Шикарная квартира в самом центре. Раньше она принадлежала
Валериному деду, Абрамову. А у самого Валеры в Москве кое-какие проблемы были,
с женой развелся… Ну, вы понимаете. Вот и подался к нам. Рекомендации у него
отличные, бывший офицер. В общем, мы с радостью приняли его в свои ряды и не пожалели
об этом.
Мы с Женькой переглянулись. Я пыталась придумать, чего б
такого спросить еще, и не придумала, поэтому мы откланялись.
— Валера чист, аки агнец, — усмехнулась
Женька, — хоть завтра за него замуж выходи.
— Он, возможно, еще не разведен. Еще какие-нибудь
ценные мысли?
— Парень — блондин, красавец и просто душка.
— То, что вдруг всплыла фамилия Холмогорского, тебя не
насторожило?
— Насторожило, — кивнула головой Женька. — Не
поверишь, сердце прямо екнуло…
— Ни ты, ни я в случайности не верим. Значит, Валера
что-то имел в виду, появившись вблизи усадьбы Холмогорского.
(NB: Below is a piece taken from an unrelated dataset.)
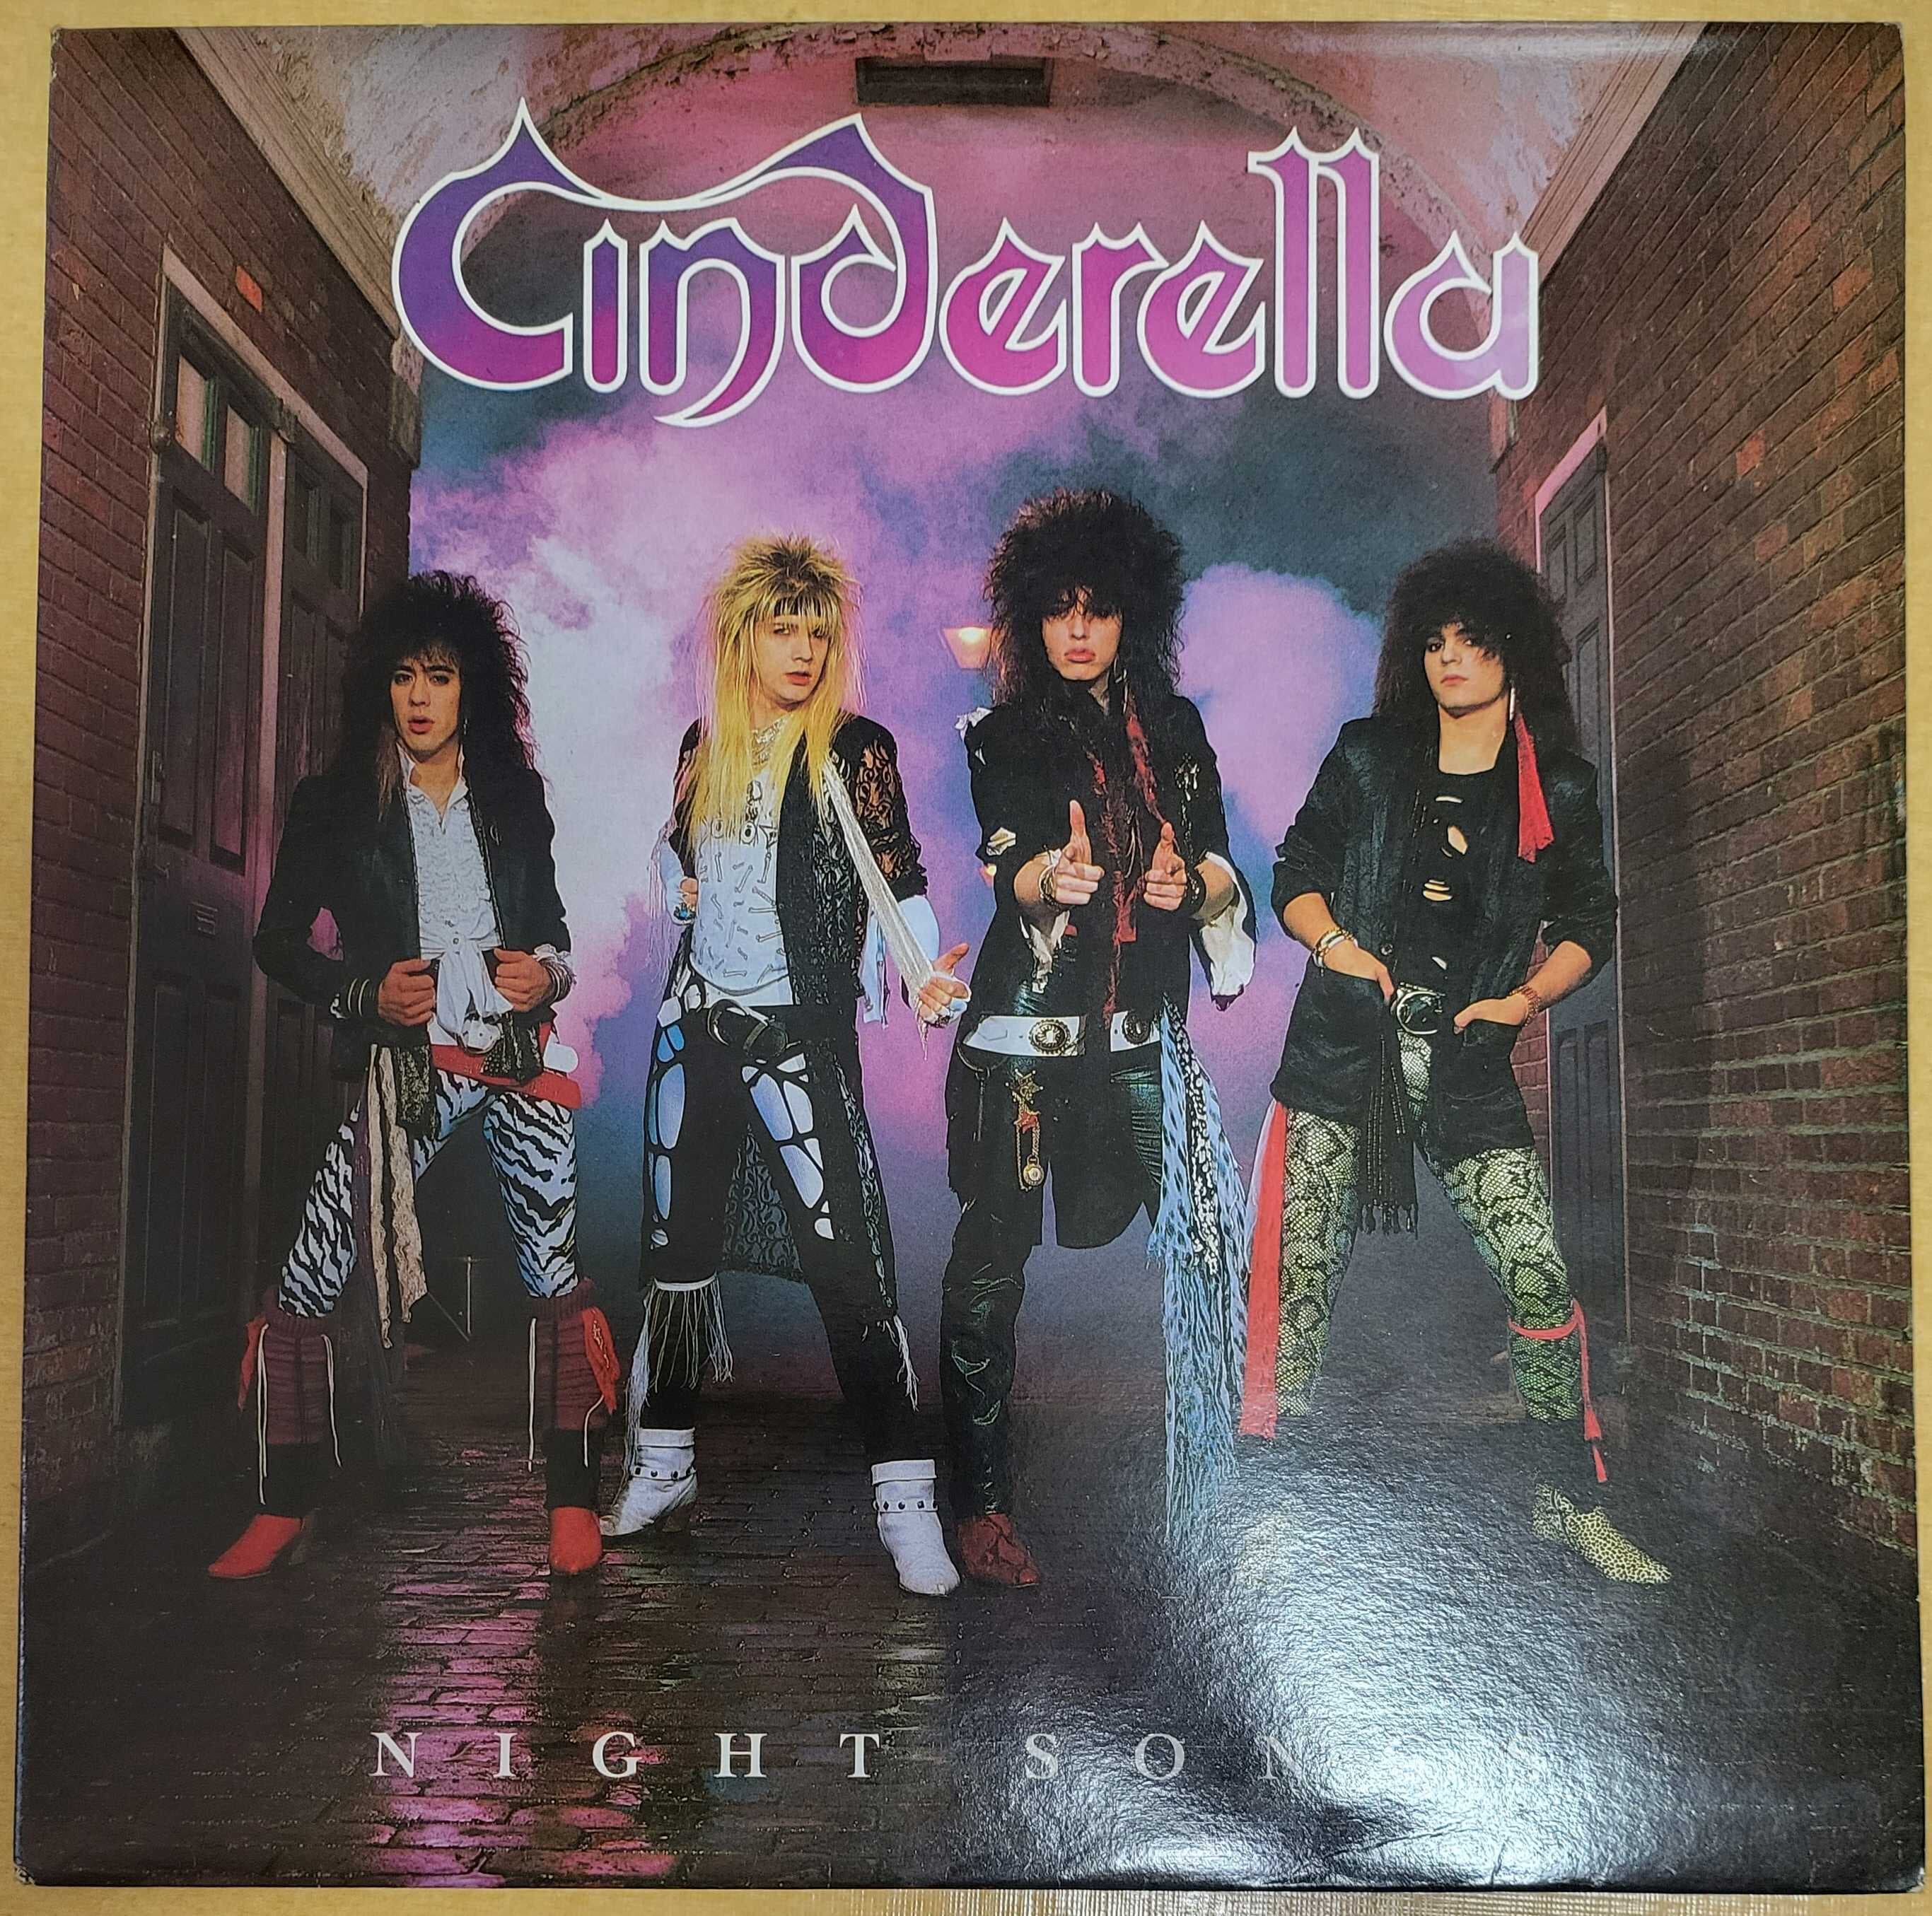 신데렐라 (Cinderella) - Night Songs (개봉, LP)
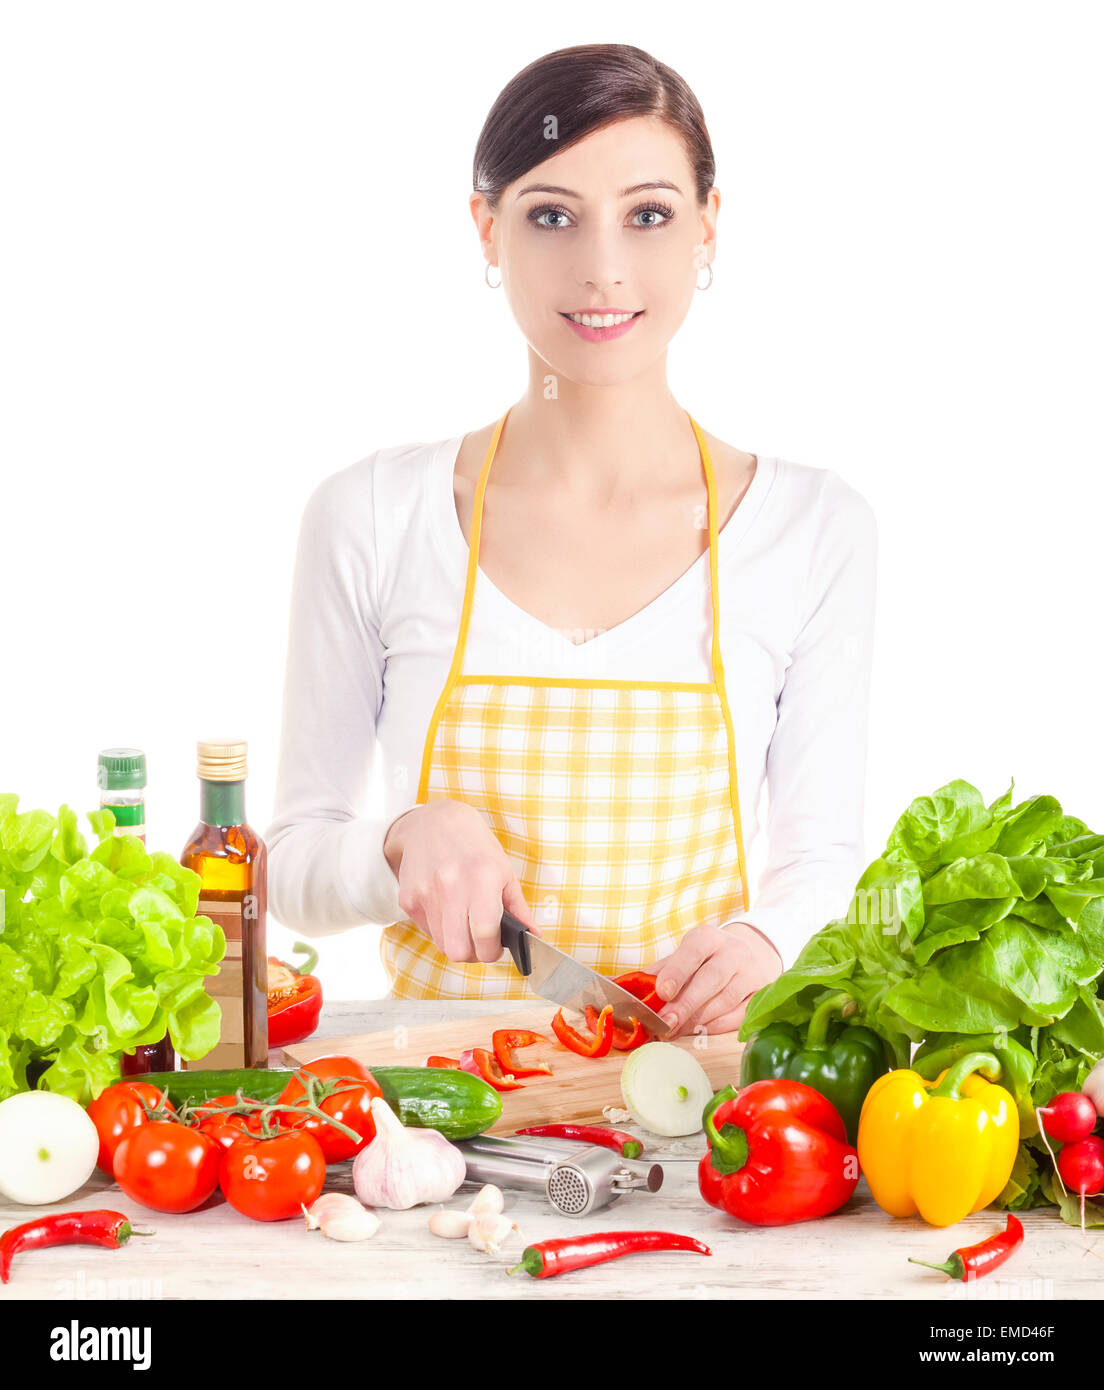 Smiling woman preparing salad. L'alimentation saine et l'alimentation de concept. Isolé sur blanc. Banque D'Images

— И Бороднянский интересовал его не просто так. Поехали
к Максиму.
Бывший Женькин воздыхатель был завален работой. Он приткнул
нас за угловым столом в своем кабинете, выложил бумаги и заявил:
— Голос подавать лишь в случае крайней нужды. Кабинет я
запру, чтоб вас никто не видел. Не то как бы мне по шапке не получить за мою-то
доброту.
Документы, точнее справка, касались трупа без головы —
Светлова Александра Леонидовича. Освободился он полтора месяца назад, далее
название колонии и статья, которая, кстати, ни о чем мне не говорила. Как
выяснилось, был осужден за драку с нанесением телесных повреждений. Дело
выглядело так.
Трое друзей прибыли в райцентр, где жил их приятель. На
следующий день пошли в ресторан, где и устроили поножовщину с этим самым
приятелем, нанесли ему повреждения, от которых тот слег в больницу, а дружки
прямиком отправились в места лишения свободы. История банальная. Настораживало
лишь то, что происходила она как раз в тех местах, откуда мы только что
вернулись, в том самом райцентре, в одиннадцати километрах от усадьбы
Холмогорского и в шестнадцати от Липатова.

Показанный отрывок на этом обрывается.